Au moment de l’inscription, l’enthousiasme officiel n’avait pas manqué. La ministre de la Culture d’alors, Catherine Katungu Furaha, résumait le sentiment d’un pays. « La rumba est notre identité. Sa reconnaissance internationale est une fierté et une richesse », déclarait-elle. Le porte-parole du gouvernement, Patrick Muyaya, abondait dans le même sens. « Cette richesse venue du Congo et exportée dans le monde entier constitue un des éléments de notre fierté », affirmait-il. Le trophée mondial était vécu comme une victoire nationale.

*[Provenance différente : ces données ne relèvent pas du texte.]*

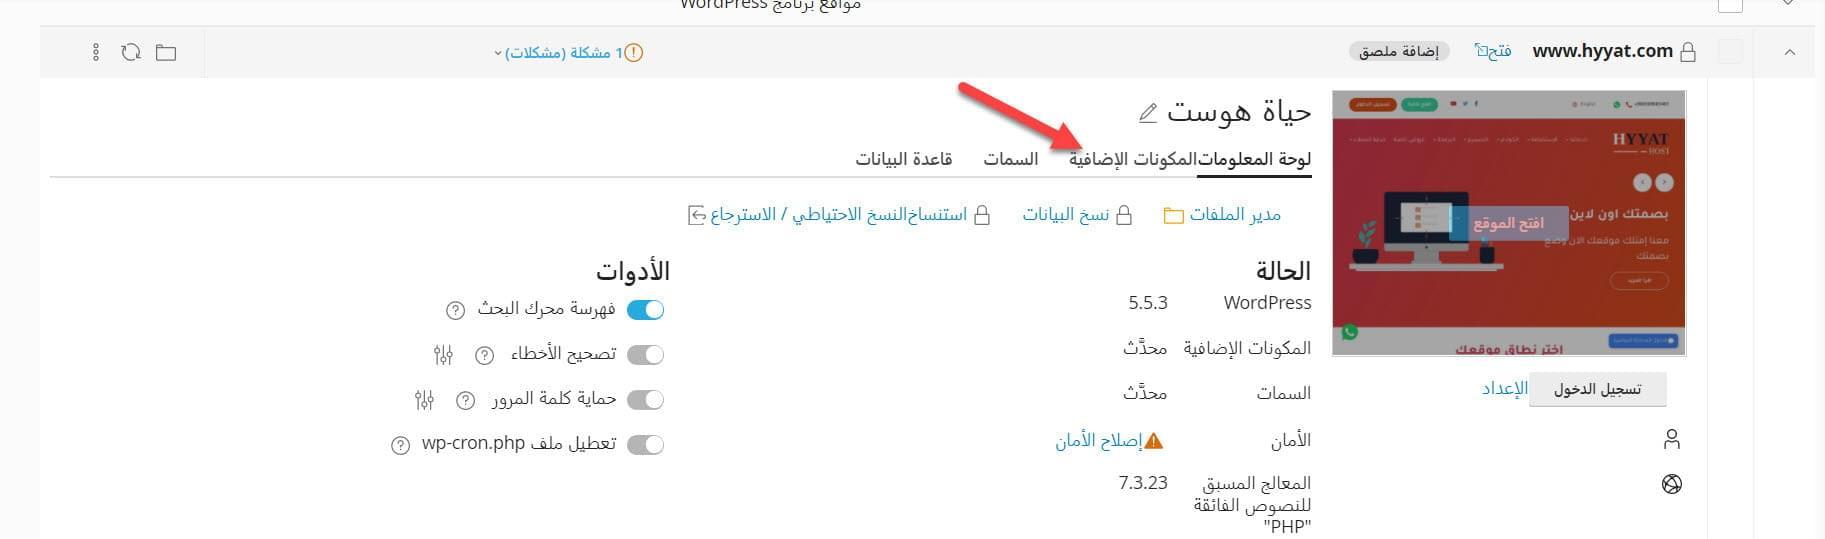 تصحيح أخطاء WordPress باستخدام cPanel ومجموعة أدوات WordPress

Une voix, pourtant, mettait déjà en garde contre l’ivresse du moment. André Yoka Lye, président de la Commission mixte RDC-Congo pour la promotion de la rumba, voyait dans l’inscription « un premier pas vers la vraie aventure de sa promotion, de sa sauvegarde et de sa viabilité ». Cinq ans plus tard, c’est à cette aventure-là, et non au ruban coupé à Paris, que se mesure le bilan.
Du côté des symboles, le pays a tenu son rang. En décembre 2025, pour les quatre ans de l’inscription, Kinshasa a inauguré un Musée national de la rumba, installé dans l’ancienne résidence de Papa Wemba à Kinshasa, acquise par l’État en 2022 et gérée par l’Institut des musées nationaux du Congo. Un marathon de trois jours, concerts et conférences, a accompagné l’ouverture. En avril 2026, un ouvrage du professeur Ribio Nzeza Bunketi Buse, rapporteur de la commission scientifique du dossier, est venu retracer le parcours de la candidature. La consécration a désormais ses lieux, ses livres et ses cérémonies.
Le portefeuille, lui, raconte une autre histoire. La Société congolaise des droits d’auteur et droits voisins, la SOCODA, est paralysée depuis un arrêt de la Cour d’appel de Kinshasa-Gombe du 24 avril 2023 annulant l’assemblée qui avait désigné sa direction. Un conflit de clans oppose depuis les partisans de Jossart Nyoka Longo à ceux de Blaise Bula, et l’organisme s’est déclaré, en octobre 2024, incapable de payer les droits d’auteur. Le site Congo Quotidien évoque plus de 80 000 dollars dilapidés, une accusation portée dans le cadre de ce conflit, que rien n’a établie de façon indépendante. Faute de rémunération régulière, nombre d’artistes survivent grâce au mabanga, ces dédicaces payantes glissées au fil des chansons.
Entre ces deux versants, une même exigence. L’inscription à l’UNESCO engage un État à sauvegarder un patrimoine vivant, ce qui suppose des vecteurs de transmission, clubs de quartier, écoles de formation, organisations communautaires, que la fiche onusienne cite comme les canaux par lesquels la rumba passe aux jeunes générations. Nommer ces canaux dans un dossier de candidature est une chose, les financer en est une autre. Le vrai bilan des cinq ans se lira moins dans le nombre de musées ouverts que dans la capacité d’un musicien de Matonge à vivre de son art.
Pour la culture congolaise, l’anniversaire de décembre 2026 aura valeur de test. Un patrimoine se célèbre par des statues et des festivals, il se protège par des institutions qui fonctionnent et des droits qui se paient. La rumba a gagné sa place au panthéon mondial. Reste à lui garantir, chez elle, les moyens de demeurer vivante, pour que le sacre de Paris ne se réduise pas à une ligne sur une liste, aussi prestigieuse soit-elle.